In biochemistry, the native state of a protein is its operative or functional form. All protein molecules are simple unbranched chains of amino acids, but it is by assuming a specific three-dimensional shape that they are able to perform their biological function. In fact, shape changes in proteins are the primary cause of several neurodegenerative diseases, including those caused by prions and amyloid.
Many enzymes and other non-structural proteins have more than one native state, and they operate or undergo regulation by transitioning between these states. However, "native state" is used almost exclusively in the singular, typically to distinguish properly folded proteins from denatured or unfolded ones. In other contexts, the folded shape of a protein is most often referred to as its "conformation" or "structure."

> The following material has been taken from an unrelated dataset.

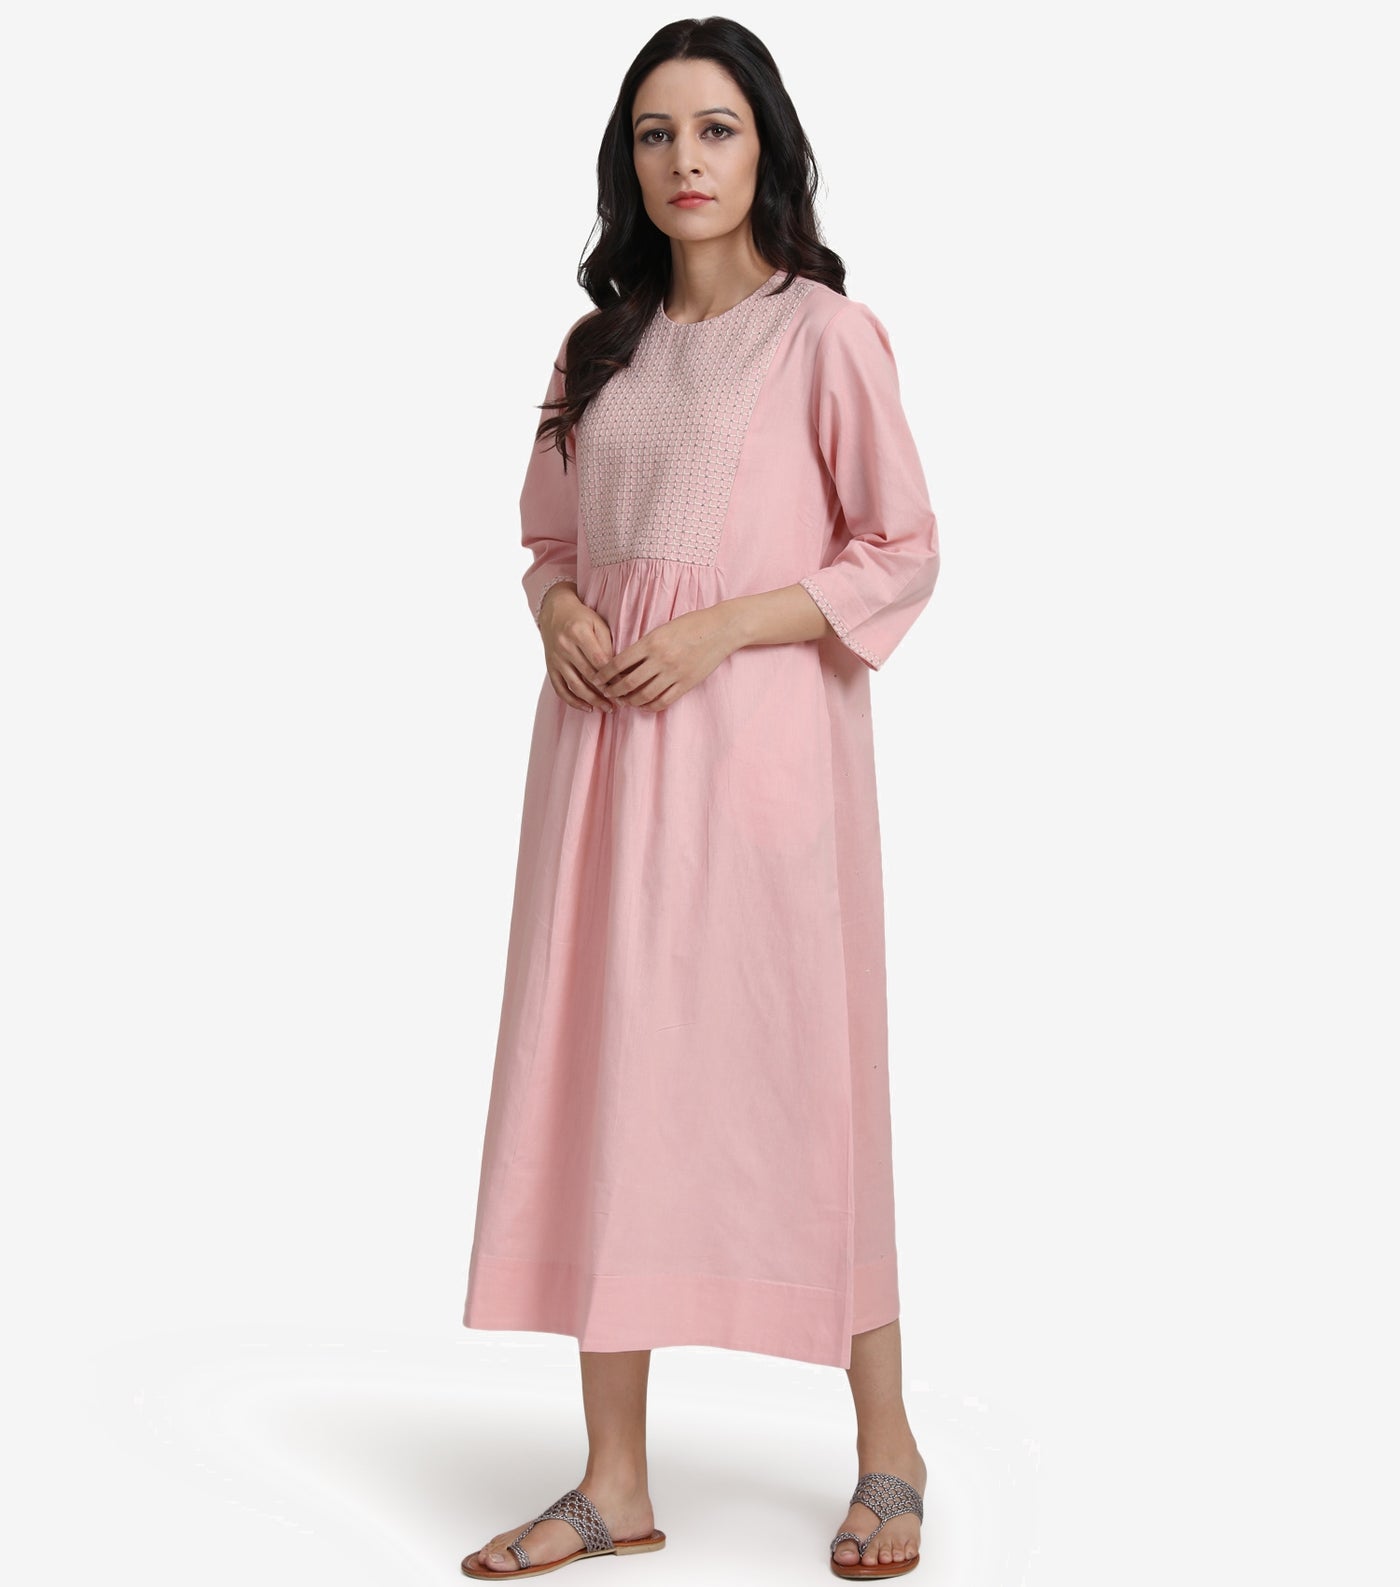 Pastel pink cotton linen Dress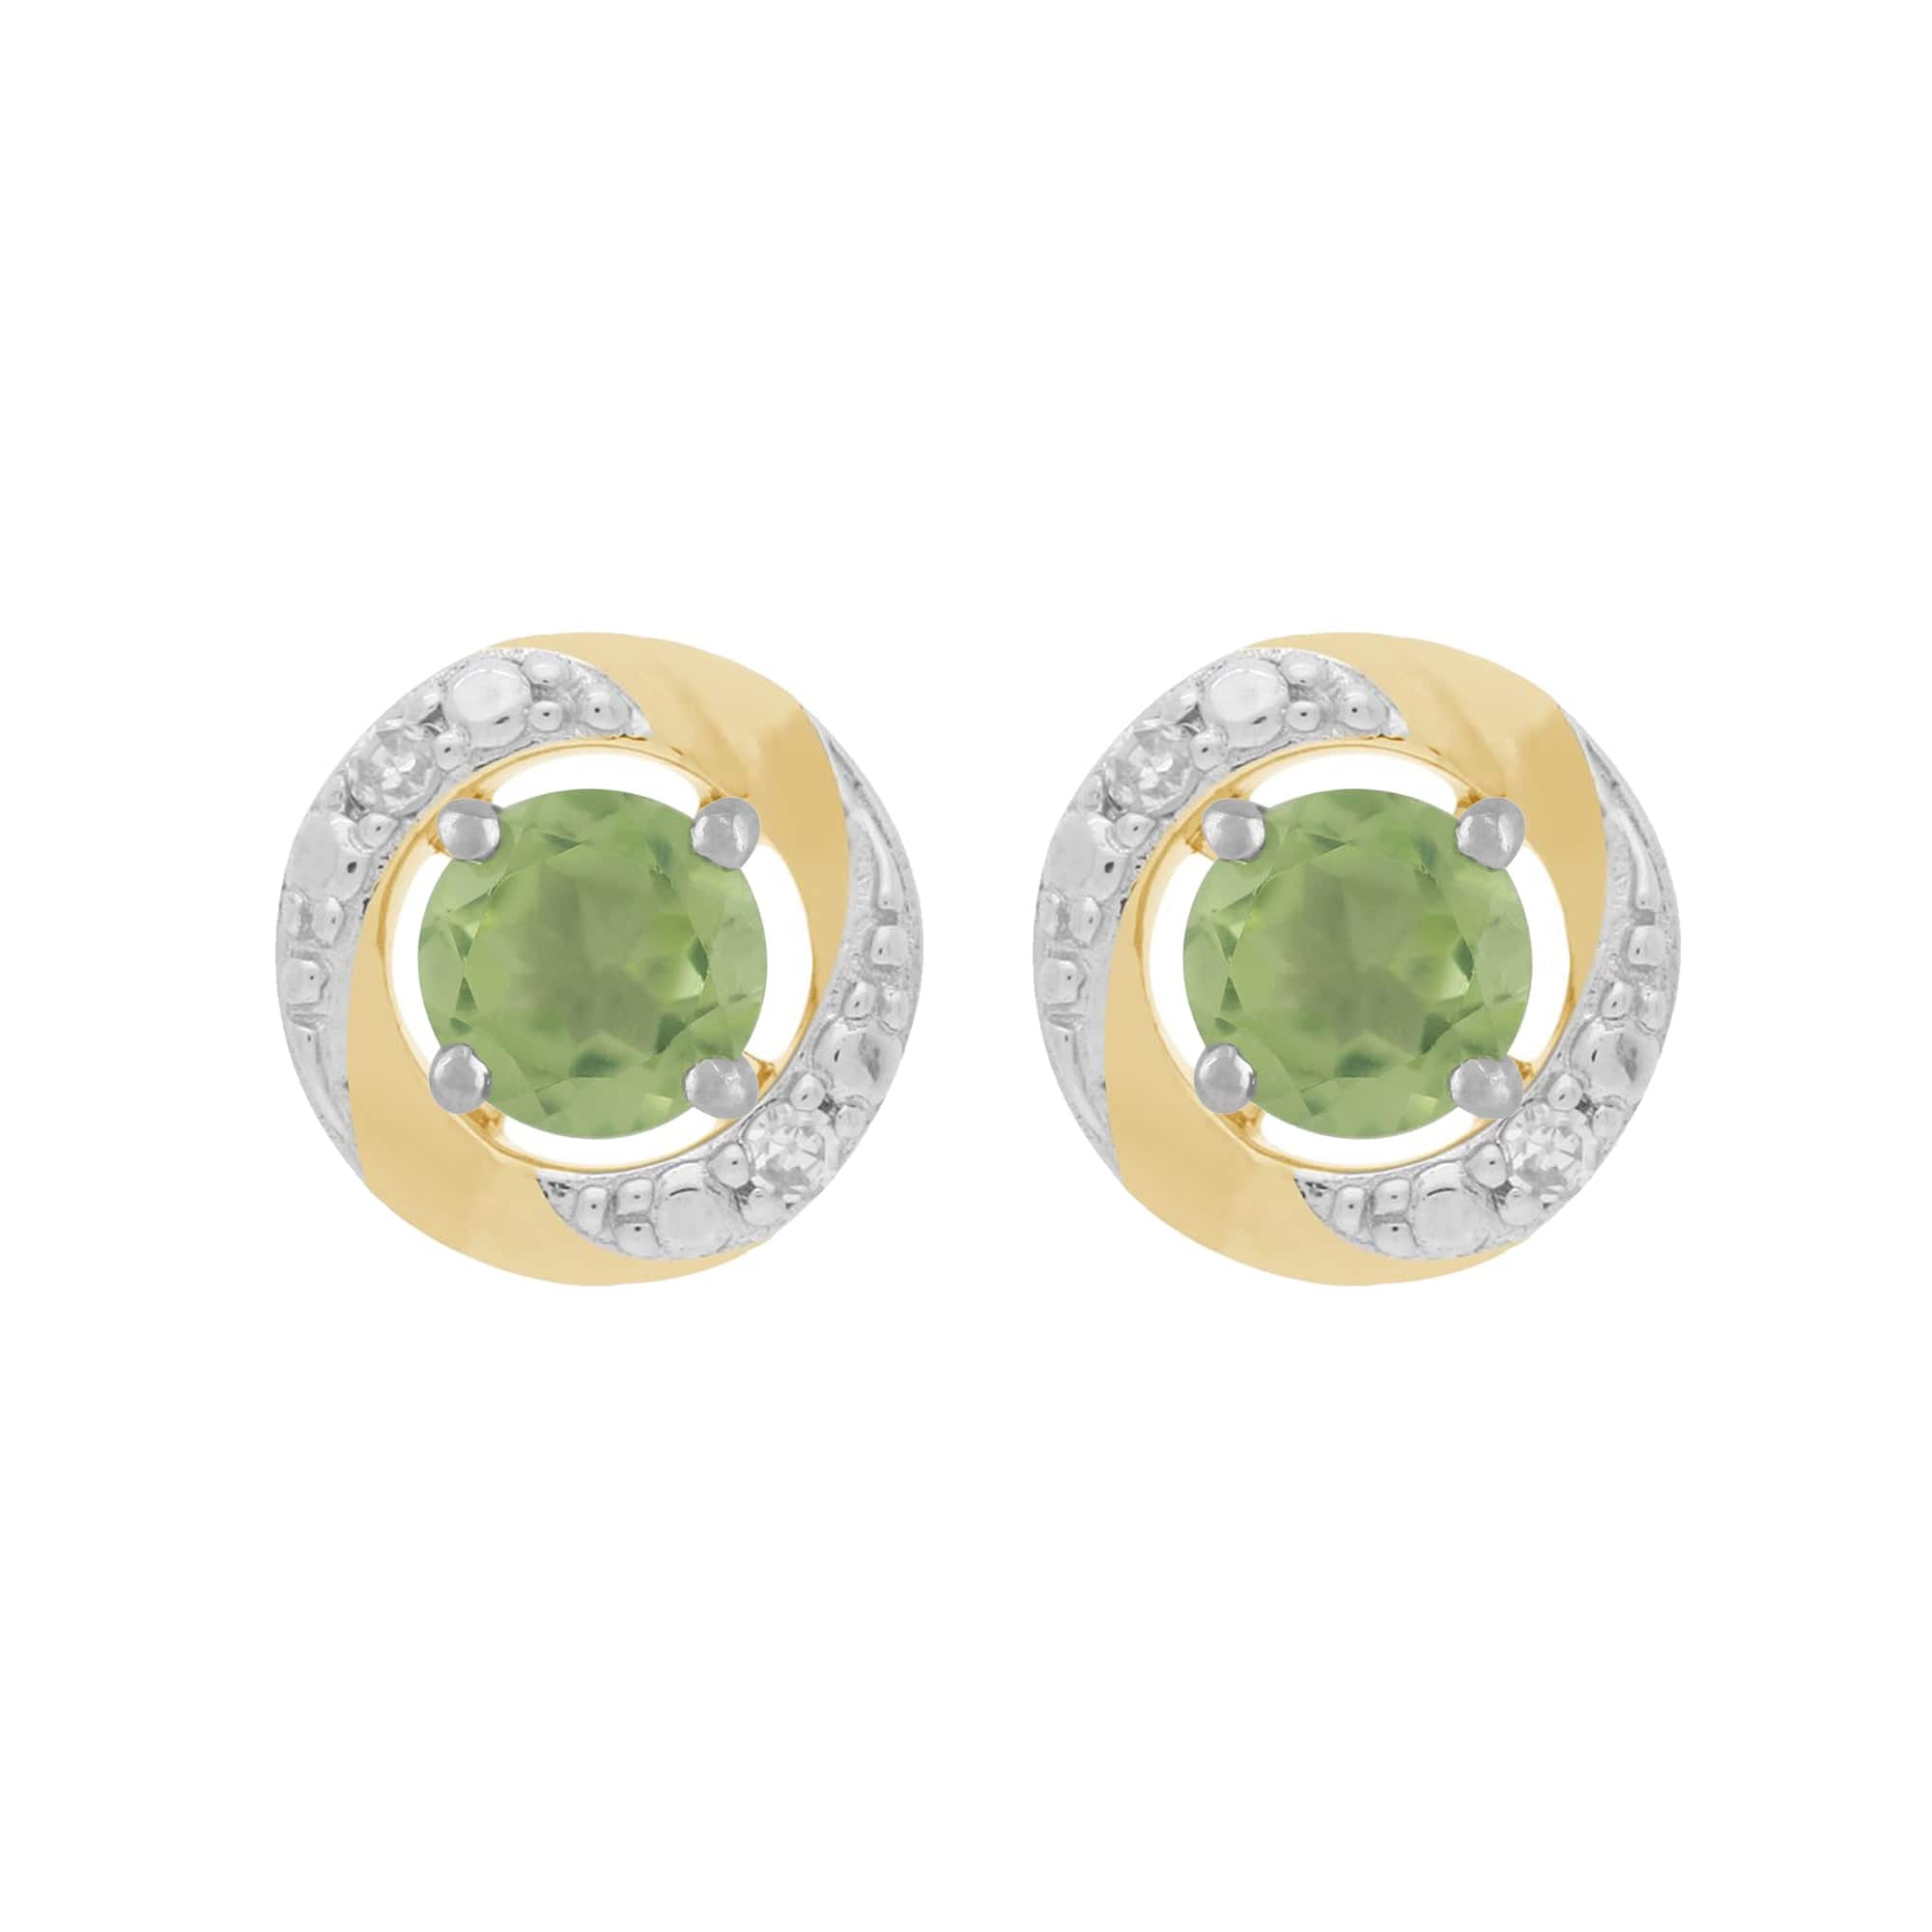 9ct White Gold Peridot Stud Earrings & Diamond Halo Ear Jacket Image 1

Folded and unfolded proteins are often easily distinguished by virtue of their water solubilities, as many proteins become insoluble on denaturation. Proteins in the native state will have defined secondary structure, which can be detected spectroscopically, by circular dichroism and by nuclear magnetic resonance (NMR).
The native state of a protein can be distinguished from a molten globule, by among other things, distances measured by NMR. Amino acids widely separated in a protein's sequence may touch or lie very close to one another within a stably folded protein. In a molten globule, on the other hand, their time-averaged distances are liable to be greater.
Learning how native state proteins can be manufactured is important, as attempts to create proteins from scratch have resulted in molten globules and not true native state products. Therefore, an understanding of the native state is crucial in protein engineering.